Gerald Carlino and Thorsten Drautzburg, "The Role of Startups for
Local Labor Markets", Journal of Applied Econometrics, Vol. 35,
No. 6, 2020, pp. 751-775.

All data and program files are stored in cd-files.zip. Since there are
both binary files and ASCII files, Unix/Linux users should *not* use
"unzip -a".

Raw data description:

The data are contained in VAR_DATA.csv and in VAR_DATA.mat. The
dataset covers 38 years and 354 MSAs. In VAR_DATA.mat, each data
series is a 38 x 354 matrix. In VAR_DATA.csv, each series is a 
(38*354) x 1 vector. The series are:

- Year (vYear in .mat): Year.

- MSA_FIPS (vMSA in .mat): MSA FIPS code.

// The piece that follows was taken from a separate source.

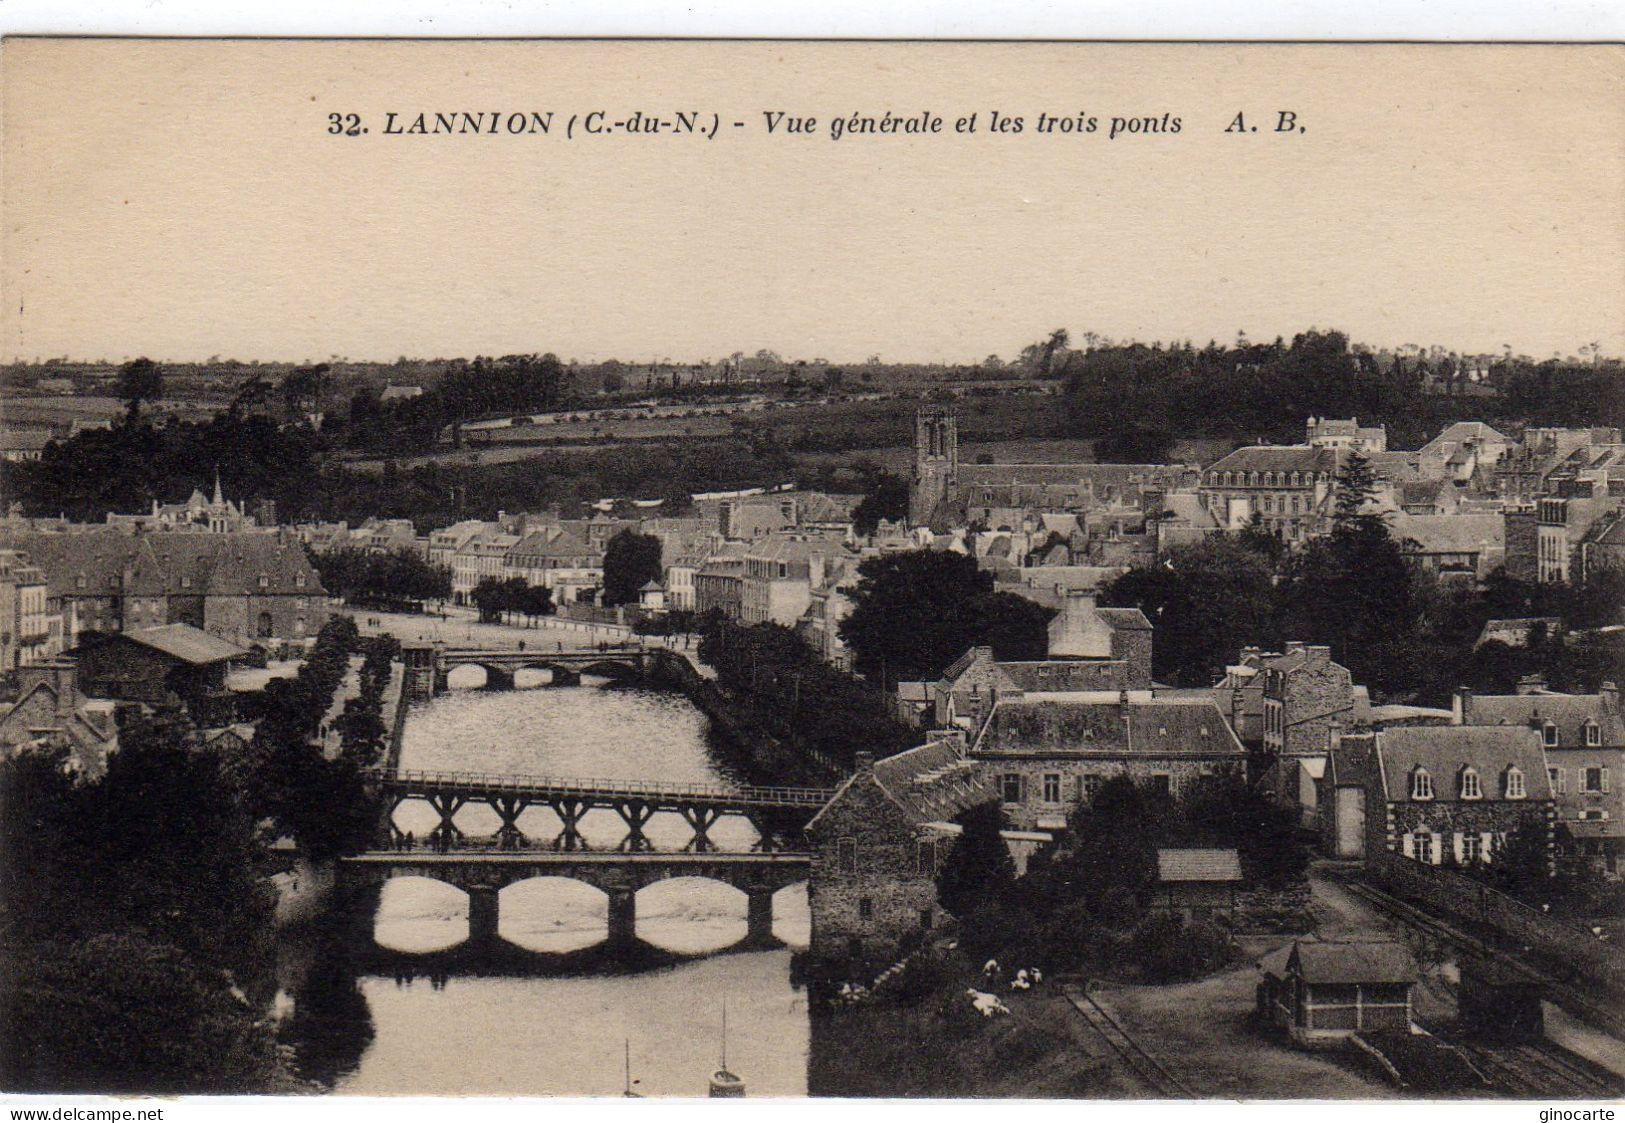 Lannion Vue Generale Et Les Trois Ponts - Lannion

- dlog_pop: Population growth: We compute the log growth rate of
  Census population. The log growth rate has the advantage of being
  additive to compute level changes, from which we can back out the
  change in the employment level.

- dlog_wage: Wage growth: Growth of average wages: We compute the log
  growth rate of the average wage rate in the County Business Patterns.

- v_migrant_rate_exm: Net migration rate: We define the net migration
  rate as the difference between inflows and outflows of IRS
  exemptions, divided by the population level in the prior period. 

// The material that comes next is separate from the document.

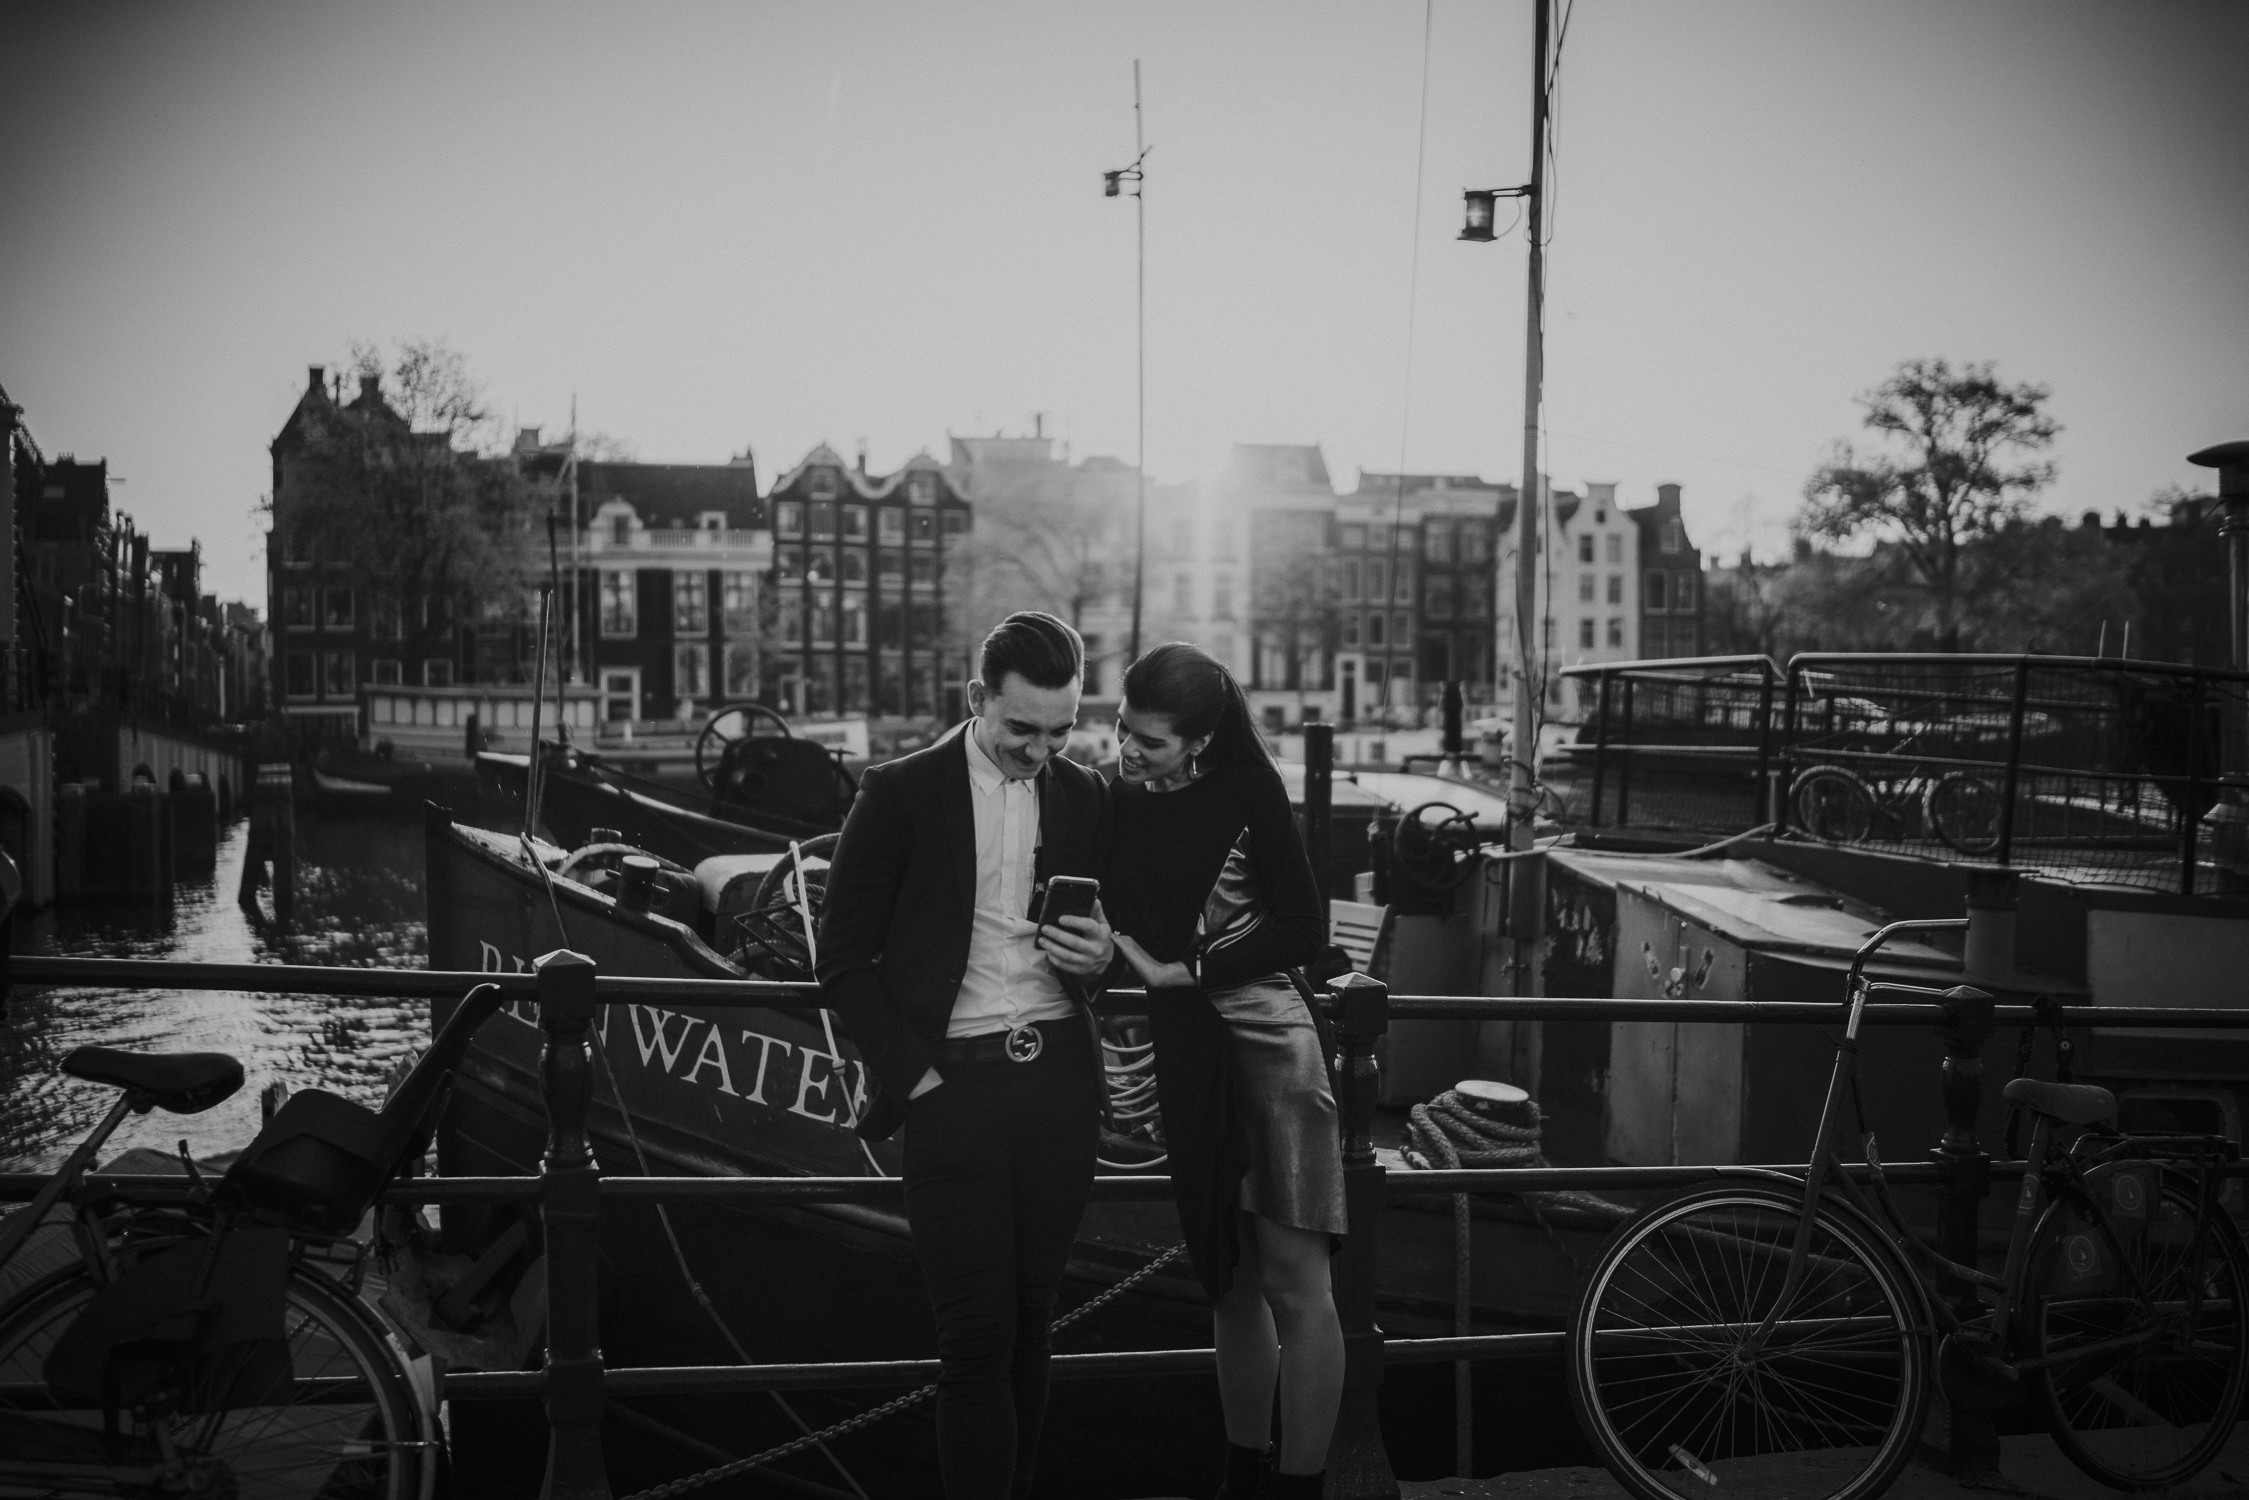 het beste bruidsfotografie amsterdam utrecht rotterdam en den haag door mark hadden uit amsterdam

- vfirm_entry_rate: Firm entry rate: We define the firm entry rate as
  the change in the number of firms aged 0, divided by the average of
  the number of firms of any age in the current and prior year.

- vfirm_exit_rate: Firm exit rate: We define the firm exit rate as the
  change in the number of firms aged 1 that exit, divided by the
  average of the number of firms of any age in the current and prior year.

- vfirm_exit_rate_all: Overall firm exit rate: We define the overall
firm exit rate as the change in the number of firms of any age that
exit, divided by the average of the number of firms of any age in the
current and prior year.

- vjob_creation_rate_births: Job creation rate: We define the job
  creation rate as the change in job creation by firms aged 0, divided
  by the average of overall private employment in the current and
  prior year.

- vlog_age0_sz: Startup average size: We compute the average size of a
  startup as the log of the ratio of startup employment in an MSA
  divided by the number of startups in an MSA.

- vlog_emp_pop: Employment-to-population ratio: We use overall
  employment from the County Business Patterns. This measure agrees
  closely with BDS employment. We use Census population to compute the
  employment-to-population ratio. It enters the analysis in logs.

- vpop: Employment-population ratio (log)

- vZit_Bartik: Overall labor demand shock proxy, varying base year
  weights. Source: CBP.

- vZit_Bartik1974: Overall labor demand shock proxy, constant base
  year weights. Source: CBP.

- vZit_Bartik_firm: Barriers to entry shock proxy, varying base year
  weights. Source: CBP and BDS.

- vZit_Bartik_firm1974: Barriers to entry shock proxy, constant base
  year weights. Source: CBP and BDS.

- vZit_Bartik_jc: Startup productivity shock proxy, varying base year
  weights. Source: CBP and BDS.

- vZit_Bartik_jc1974: Startup productivity shock proxy:, constant base
  year weights. Source: CBP and BDS.


Omitted data:

1) The house price data in the paper are provided by CoreLogic
Solutions, see 
https://www.corelogic.com/insights-download/home-price-index.aspx. 

o The data are provided at the level of Core Based Statistical Area
  (CBSA)/Metro areas. 

o We follow that definition, except for the following cities, where we
  used the main division instead: Boston, Chicago, Dallas, Detroit,
  Los Angeles, Miami, NYC, Philadelphia, San Francisco, Seattle,
  Washington DC

o The data are monthly. Given that our main data are based on
  mid-March payroll, we use the data from March in every year.

o We use the house prices for the tier ?Single Family Combined?. 


2)	TFP data used in the Appendix are described in Appendix E. 

Replication files -- General notes:

- The replication files use Matlab for the main results and Stata for
  the comparison of historical shocks with external data.

- The underlying house price data in the article are proprietary and
  omitted. Since house prices were included only in the "periphery",
  the main results here are unaffected and directly comparable to
  those in the article.

- The code is located in the "Code" folder. The data is located in the
  "Data" folder. The code saves results in the "Graphs" and "Tables"
  folders.

- A TeX file assembling all the results in contained in the subfolder
  "TeX". It may require minor adjustments in file names.

Data assembly: 

- Run MakeData_JAE.m to construct the data from raw series.
  Alternatively, a Matlab MAT-file with the data is provided:
  VAR_DATA.mat, also as a CSV in VAR_DATA.csv. Figure 1:

- Run MotivatingScatter.m

Figure 2:

- Run BartikPlots.m

Figures 3 and 4, and Tables 1, 2, and 3:

- Run SPVAR_split_jae.m with VAR_SET=13 and WHICH_IV=1. 

Figure 5:

- Run SPVAR_split_jae.m with VAR_SET=130 and WHICH_IV=5. 

Figure 6 and 7: 

- Run SPVAR_split_jae.m with VAR_SET=13 and WHICH_IV=1 (from Figurs 3
  and 4).

- Then run my_Counterfactual.m

- Last, run VC_Shocks.do in Stata.